The Cover of Darkness

by Anonymous



Category: Warcraft - All Media Types, World of Warcraft, World of Warcraft - Various Authors
Genre: Coming Out, Disabled Anduin Wrynn, Gender Dysphoria, Hot Springs & Onsen, M/M, Nonsexual Nudity, Scars, Secrets, Trans Anduin, Trans Male Character, Trans Wrathion
Language: English
Status: Completed
Published: 2021-01-20
Updated: 2021-01-20
Packaged: 2021-03-12 06:55:49
Rating: Mature
Warnings: No Archive Warnings Apply
Chapters: 1
Words: 2,823
Publisher: archiveofourown.org
Story URL: https://archiveofourown.org/works/28881333
Author URL: https://archiveofourown.org/
Summary: Anduin wonders why the Black Prince never seems to sleep, and takes to studying his mysterious habits.
Relationships: Wrathion & Anduin Wrynn, Wrathion/Anduin Wrynn
Comments: 10
Kudos: 27
Collections: Anonymous





	The Cover of Darkness

**Author's Note:**

> Brief dysphoria/internalized transphobia. Rated M for nudity discussion but all nudity in this fic is non-sexual

There was something strange about the Black Prince’s habits, something Anduin couldn’t pin down. At first, he thought the other boy didn’t sleep. In the intitial weeks of his mending, Anduin would lie awake and listen to the dragon’s musical lilt drifting up through the bamboo floorboards. 

Whether it was three in the afternoon or three in the morning, the boy who called himself Wrathion sounded alert: pacing the dining hall, chatting with grummle pilgrims on their way out to the shrine by the road, leaning against the counter while Tong readied his daily stock in the hour or two before dawn.

As Anduin became more comfortable descending the stairs, however, he discovered the truth.
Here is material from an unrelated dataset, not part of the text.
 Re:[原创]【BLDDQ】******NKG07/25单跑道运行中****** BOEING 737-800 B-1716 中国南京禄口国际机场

The Black Prince did, in fact, sleep, but he did so in spurts, shifting between meetings and slithering between kegs at the back of the Tavern’s storeroom. Anduin longed to ask _why_ he couldn’t sleep at night like everyone else, but every time he opened his mouth to do so images of the dragon flashing him a mysterious smile rose to the front of his mind. 

_Oh Anduin,_ the Black Prince would say. _My apologies, but I’m afraid your mortal mind couldn’t comprehend it. The great mysteries of a dragon are best left unspoken._

With that, Anduin learned to sleep through the dragon’s boisterous laughter. He was nonplussed by the occasional argument between Wrathion and innkeeper, even when they roused him from bed several hours before his morning therapy was set to begin.
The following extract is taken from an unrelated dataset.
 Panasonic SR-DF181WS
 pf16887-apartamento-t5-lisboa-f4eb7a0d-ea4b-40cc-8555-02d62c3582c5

He also learned not to be alarmed by the pair of red eyes that flickered out by the hot springs in the darkest hours of night. 

Those late night baths were one of the dragon's habits Anduin came to mark as a constant, no matter how erratic and unpredictable the rest of his schedule might be. 

Every evening around the second bell, the door out back would squeal on its hinges, and a pair of bare feet would patter down the stone path leading out to the water. He always waited until Tong had extinguished the lanterns, and always stayed submerged up to his chin. His black curls billowed on the water’s surface at the edge of a crimson halo, the sole source of light, his enchanted eyes created. 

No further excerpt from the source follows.